(PROVIDED DATA Opens)

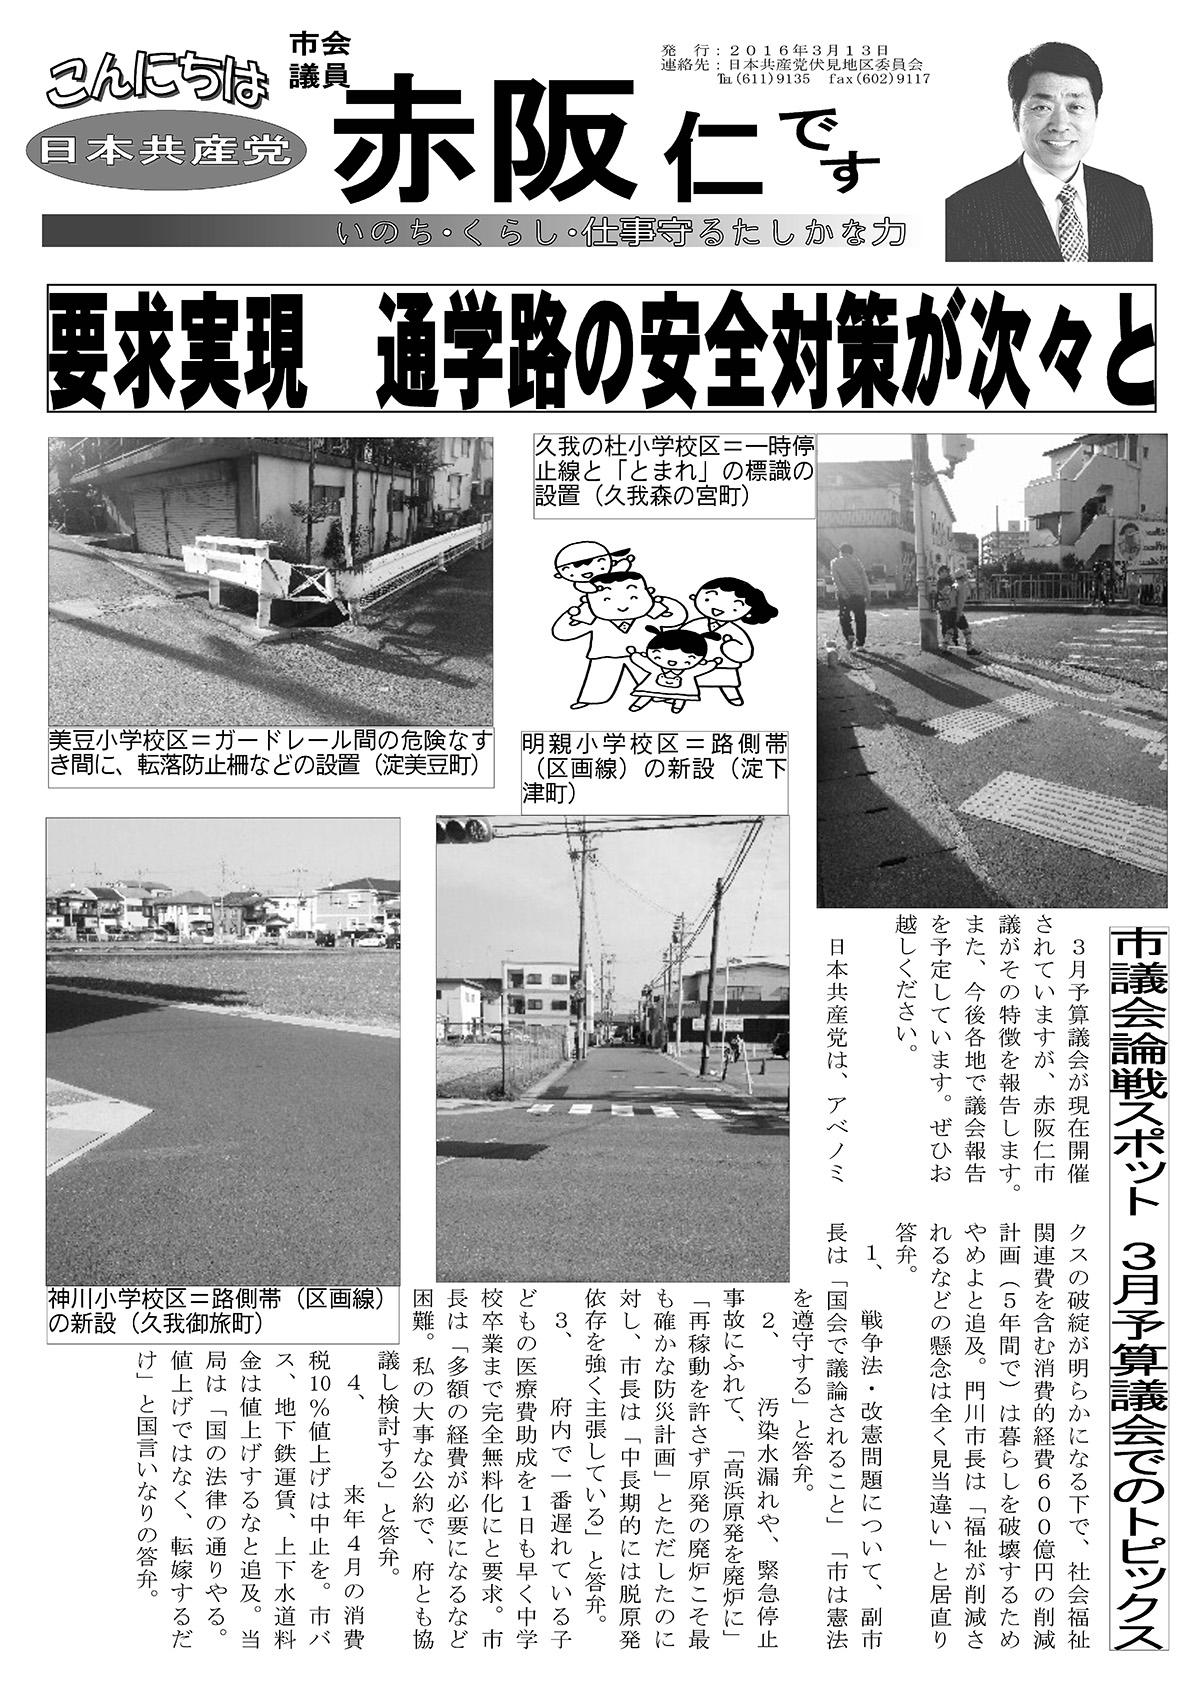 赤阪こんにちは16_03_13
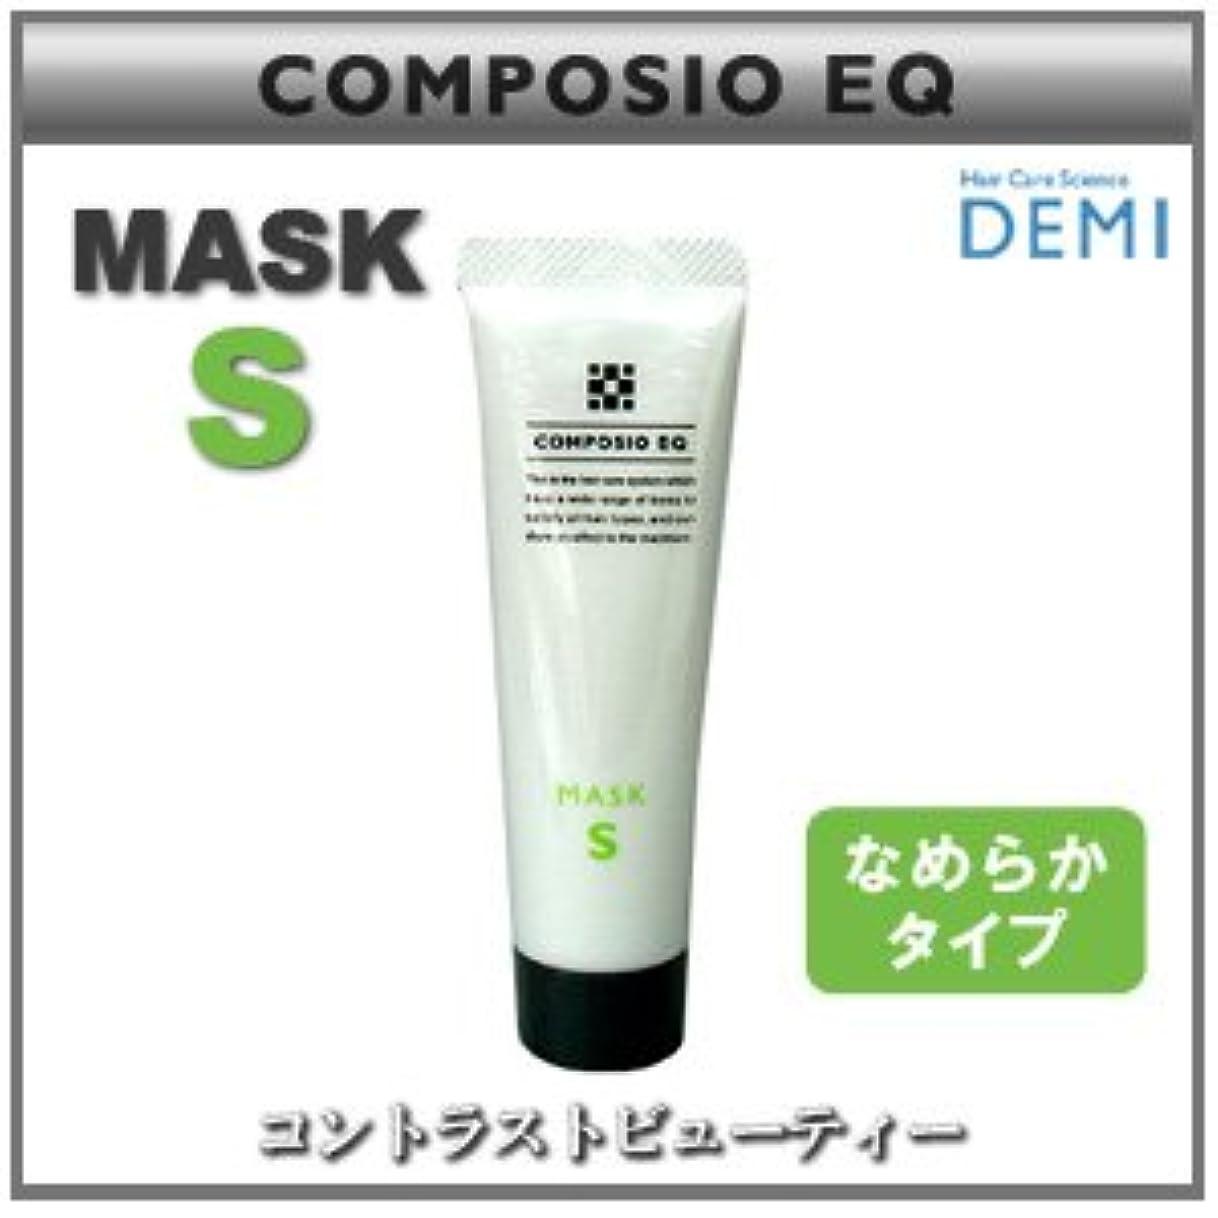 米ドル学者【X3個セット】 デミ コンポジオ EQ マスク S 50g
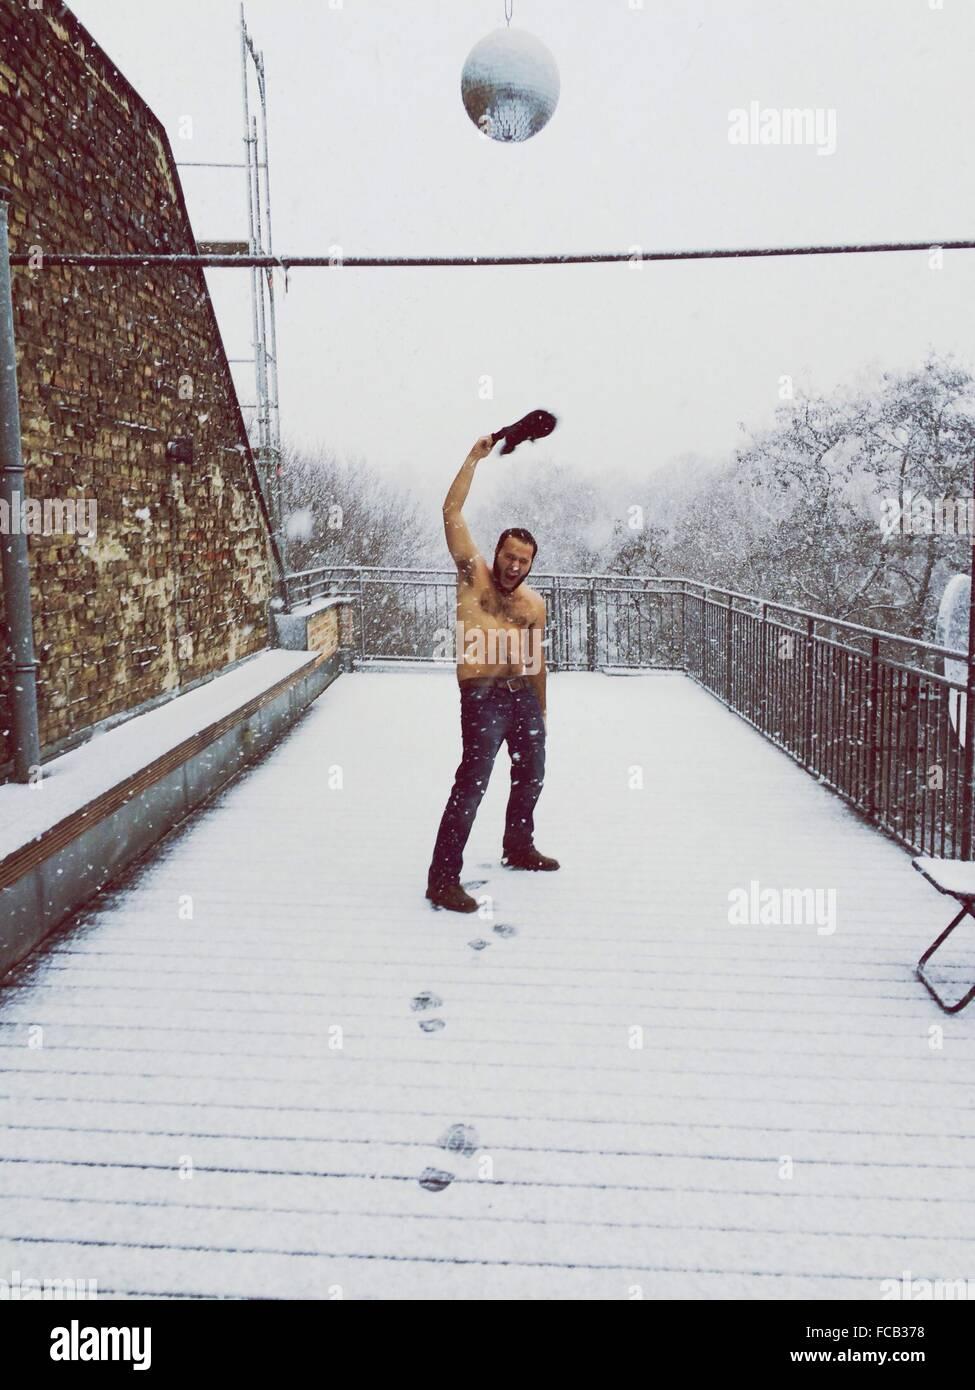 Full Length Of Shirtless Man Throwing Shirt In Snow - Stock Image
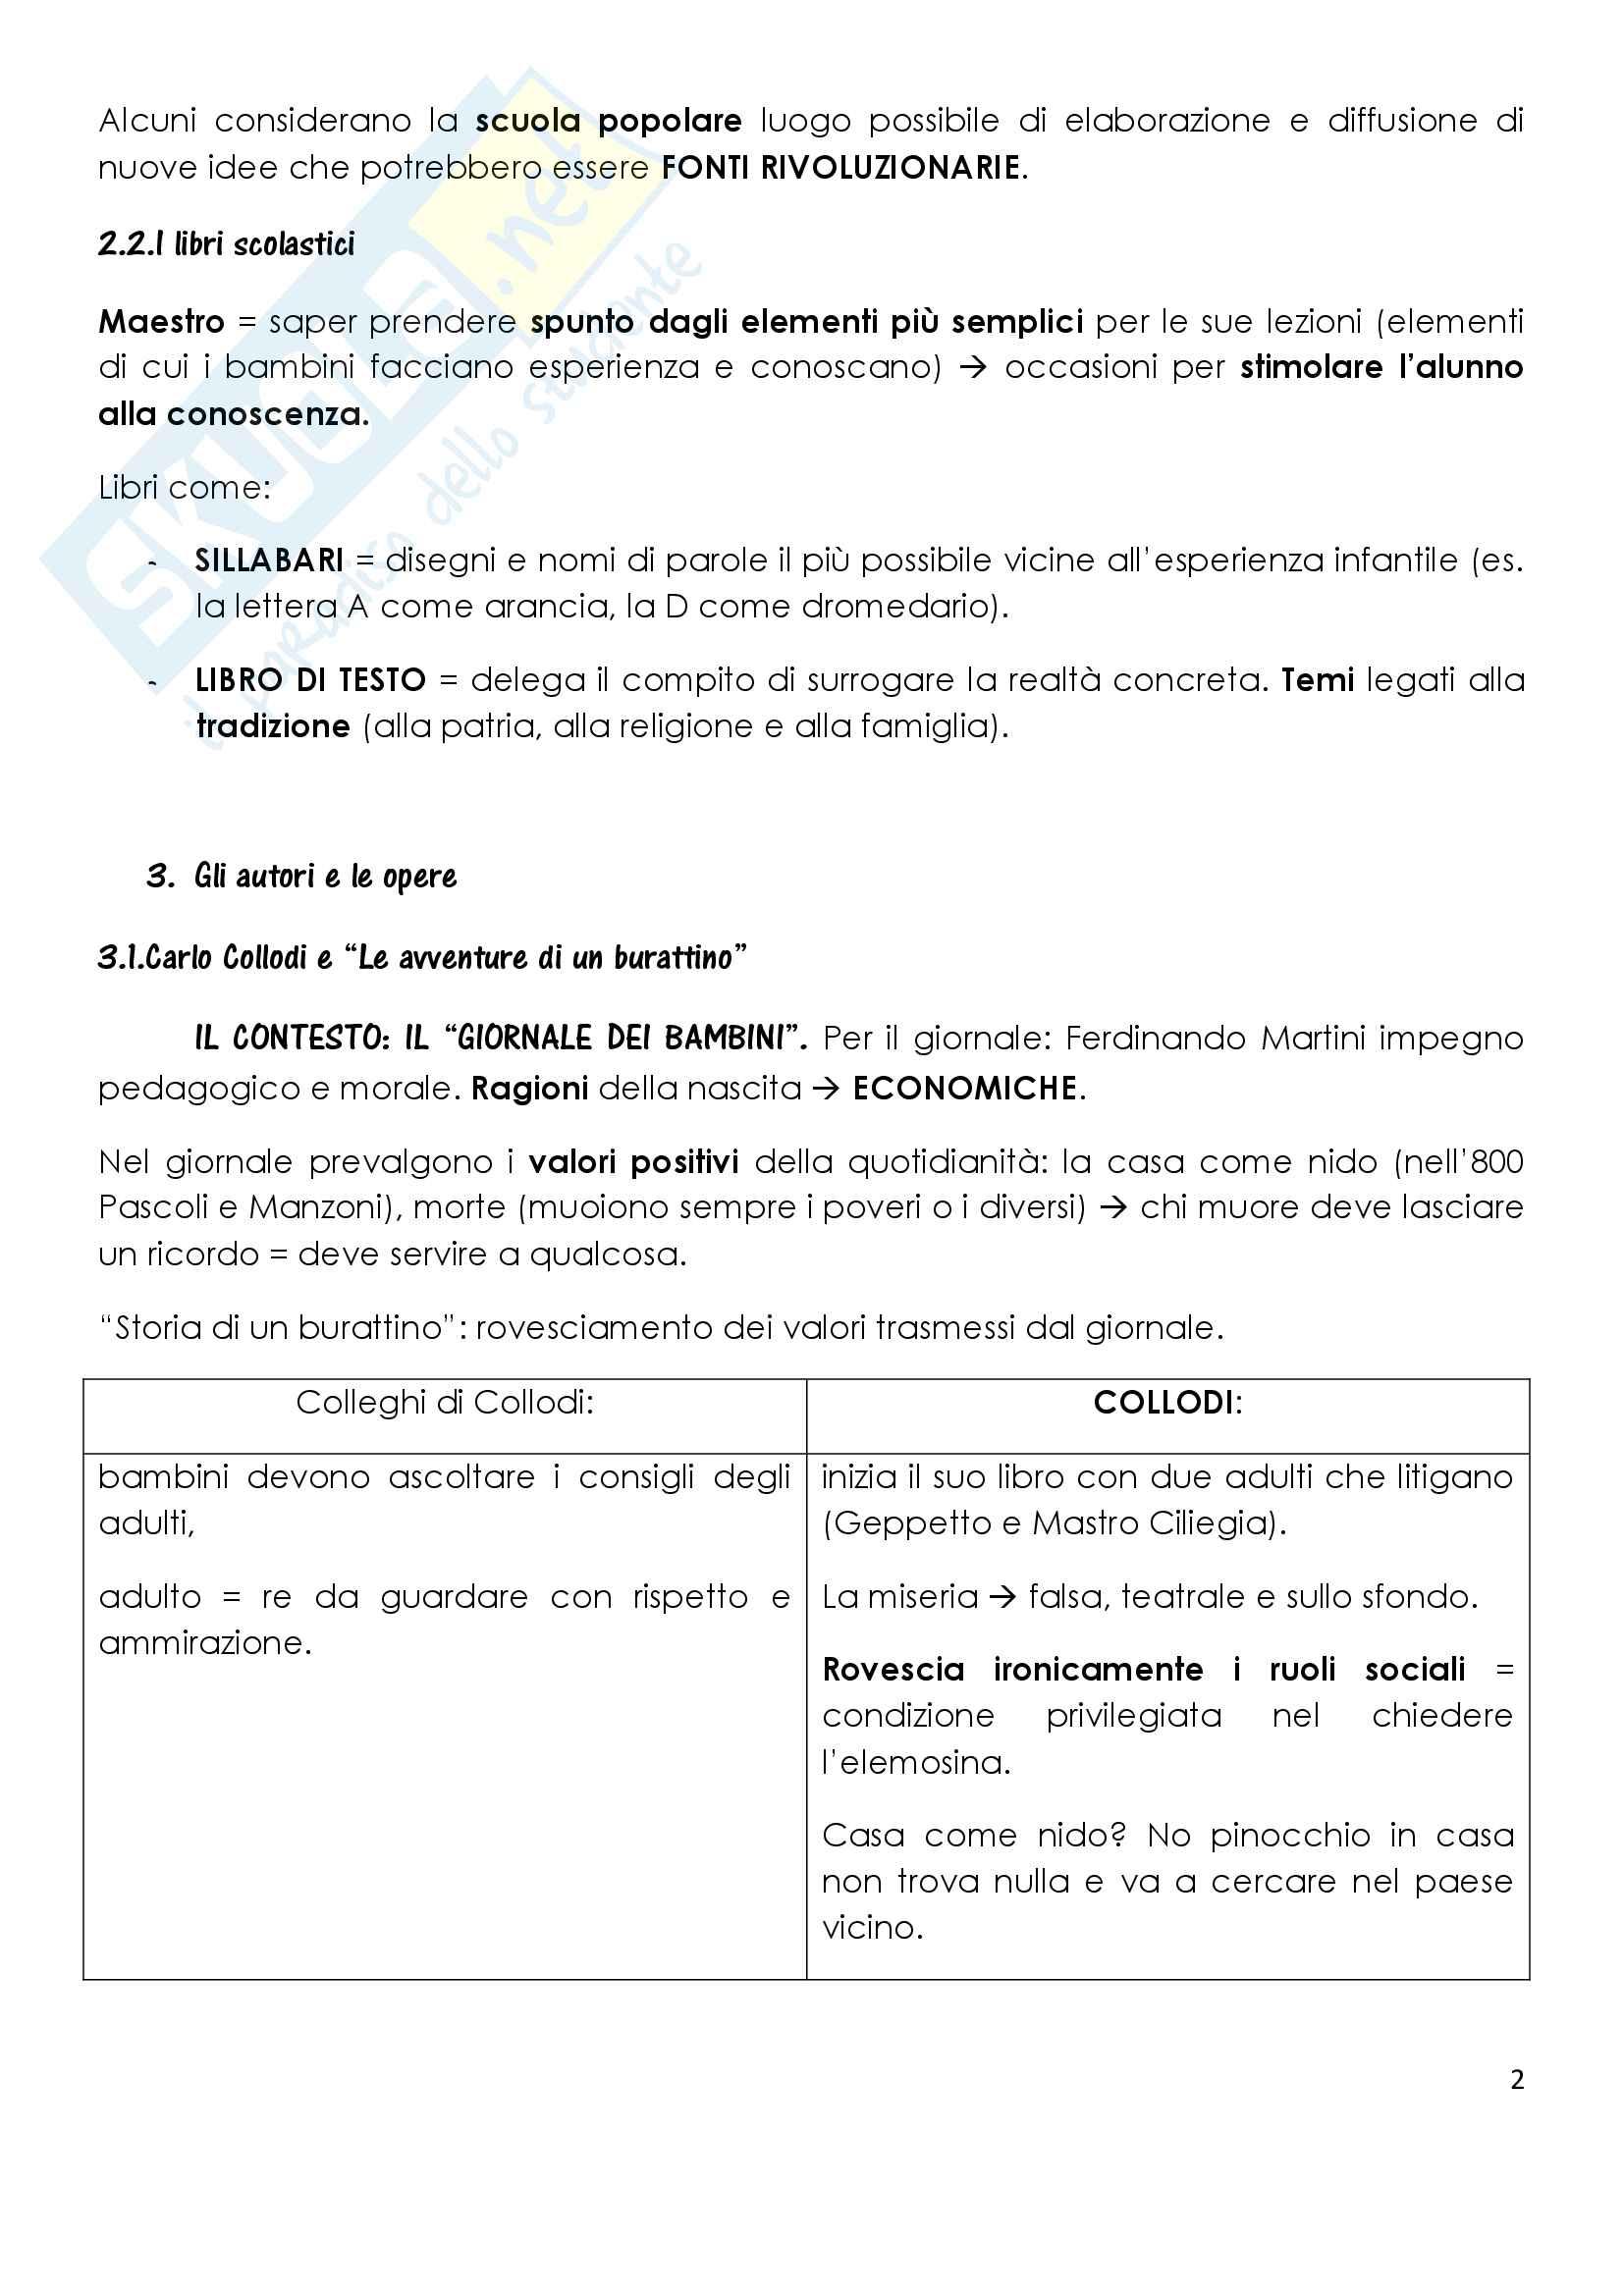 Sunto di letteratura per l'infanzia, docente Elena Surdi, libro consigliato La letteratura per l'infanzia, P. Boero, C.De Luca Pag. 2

(PROVIDED DATA Closes)

*DIRECTIONS*. Without the pictures, transcribe the listing exactly as it stands.

*RESPONSE TO THE TASK*.
 赤阪こんにちは16_03_13
 米ドル学者【X3個セット】 デミ コンポジオ EQ マスク S 50g
 Full Length Of Shirtless Man Throwing Shirt In Snow - Stock Image
 Sunto di letteratura per l'infanzia, docente Elena Surdi, libro consigliato La letteratura per l'infanzia, P. Boero, C.De Luca Pag. 2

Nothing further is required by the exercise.